DATA EXTRACT:
* * * * * * * * *

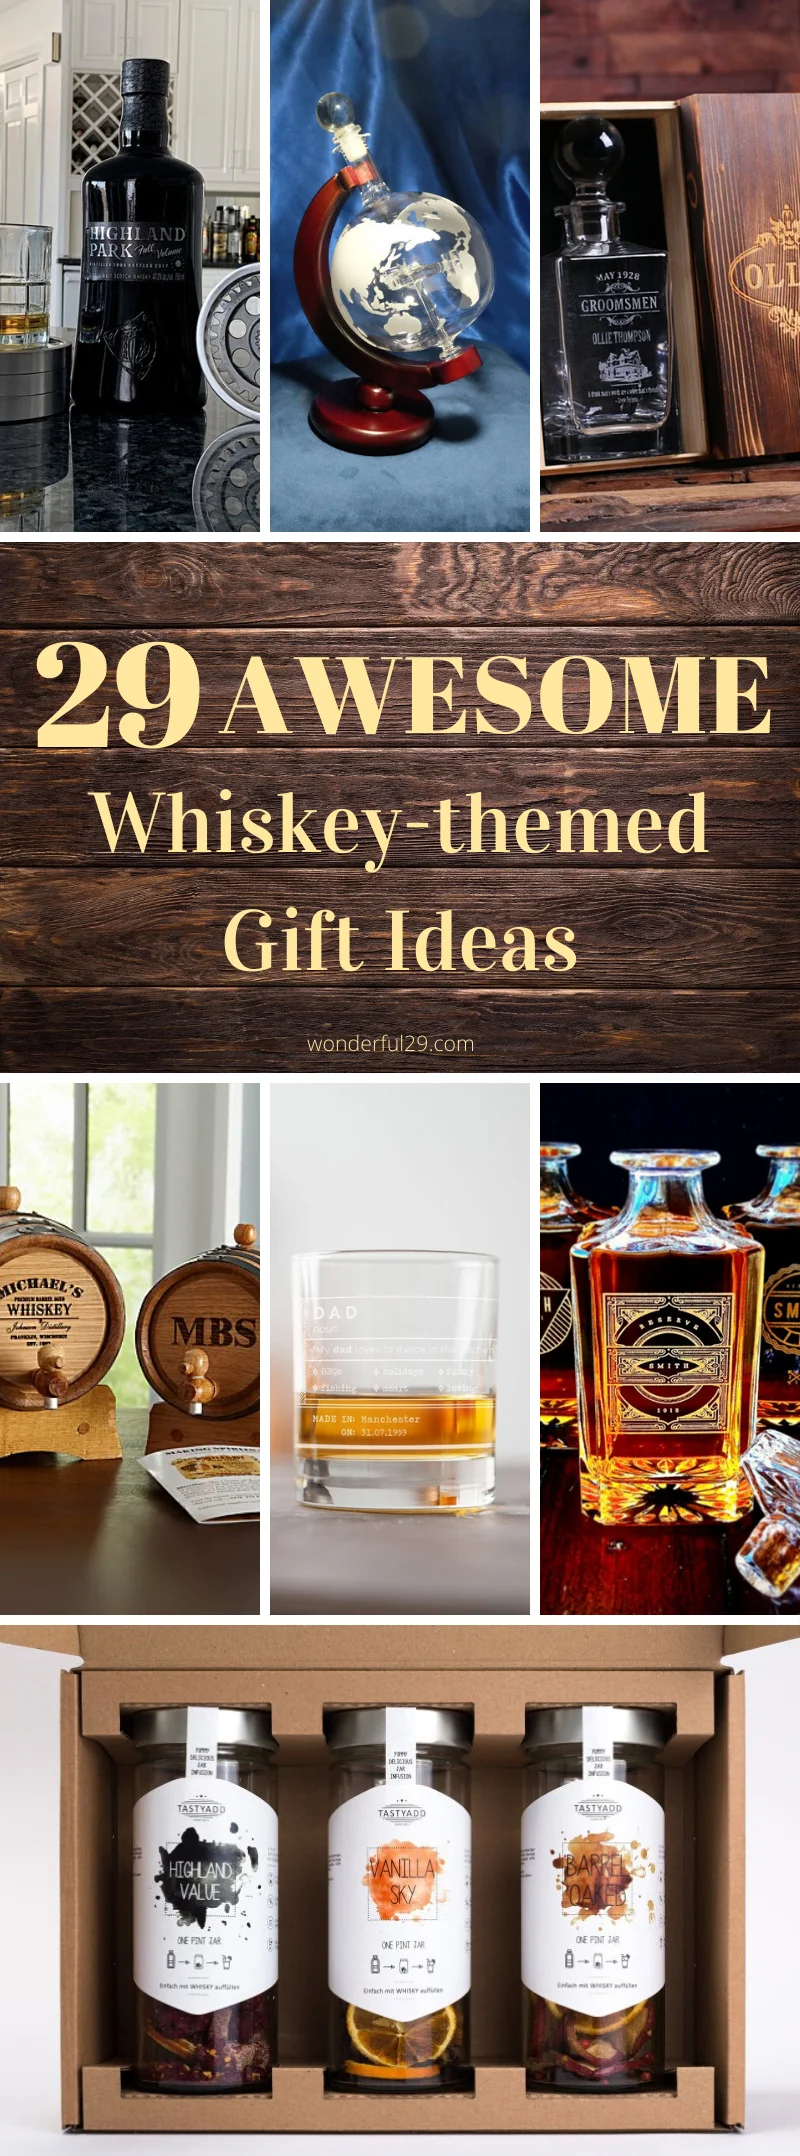 WhiskeyGlasses & Stones Unique 10 Piece Gift Set in Gift Box - Vintage  Gentlemen
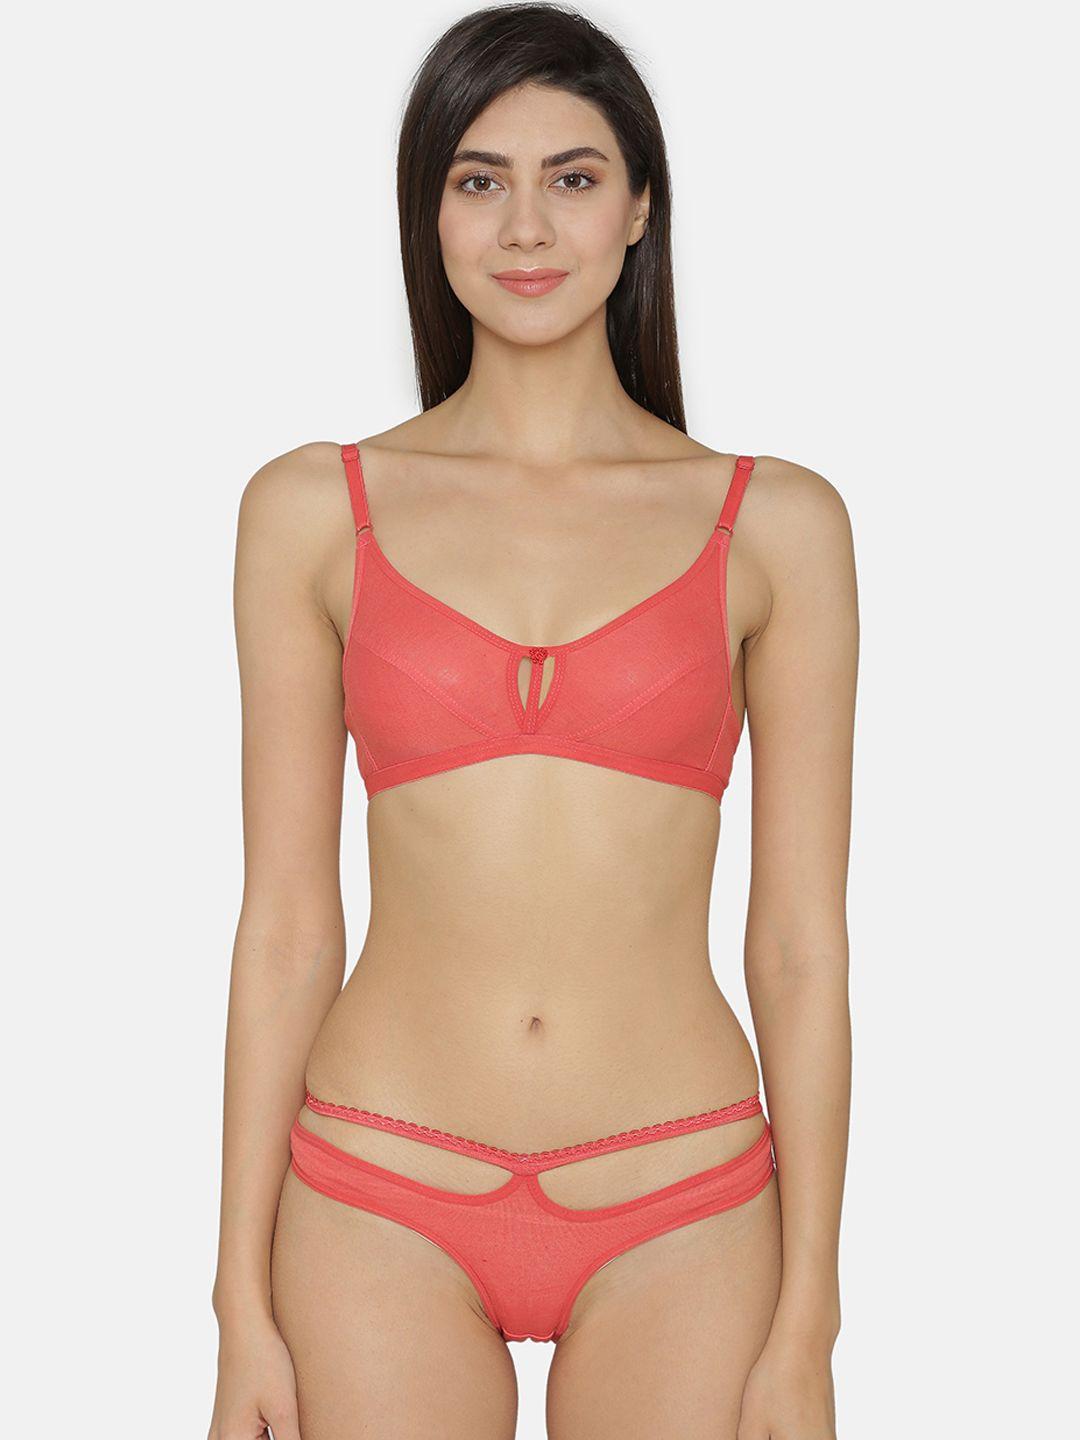 abelino women orange solid lingerie set set1400orange01
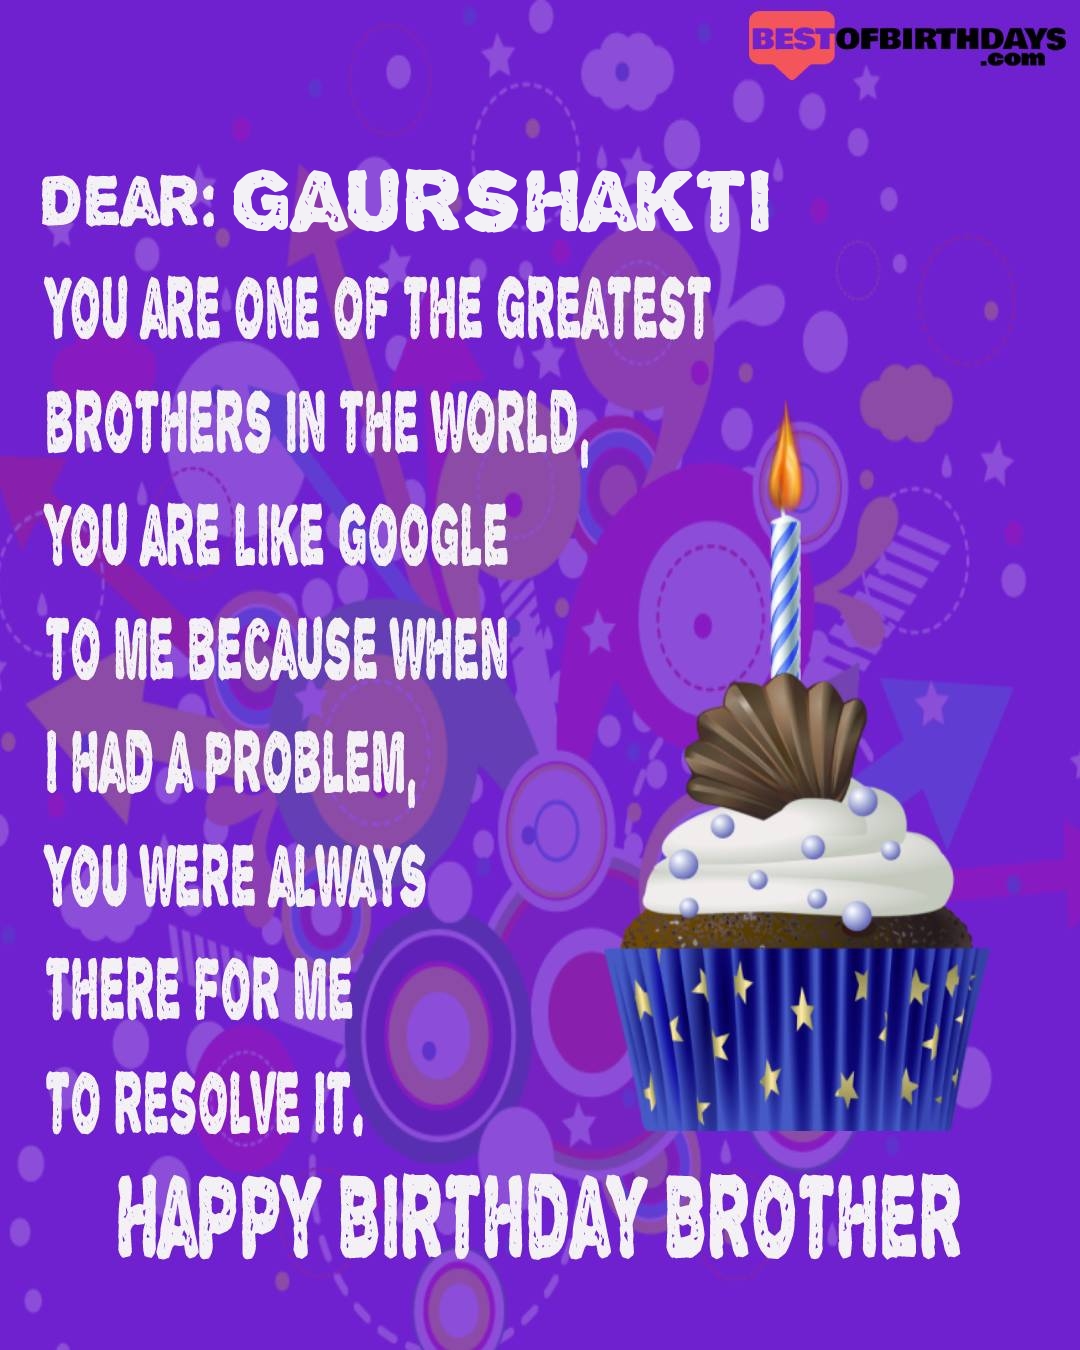 Happy birthday gaurshakti bhai brother bro

* * * * * * * * *

WHAT THE TASK ASKS: Make an exact copy of the listing above. Do not include the pictures.

TASK SOLUTION:
 WhiskeyGlasses & Stones Unique 10 Piece Gift Set in Gift Box - Vintage  Gentlemen
 abelino women orange solid lingerie set set1400orange01
 Happy birthday gaurshakti bhai brother bro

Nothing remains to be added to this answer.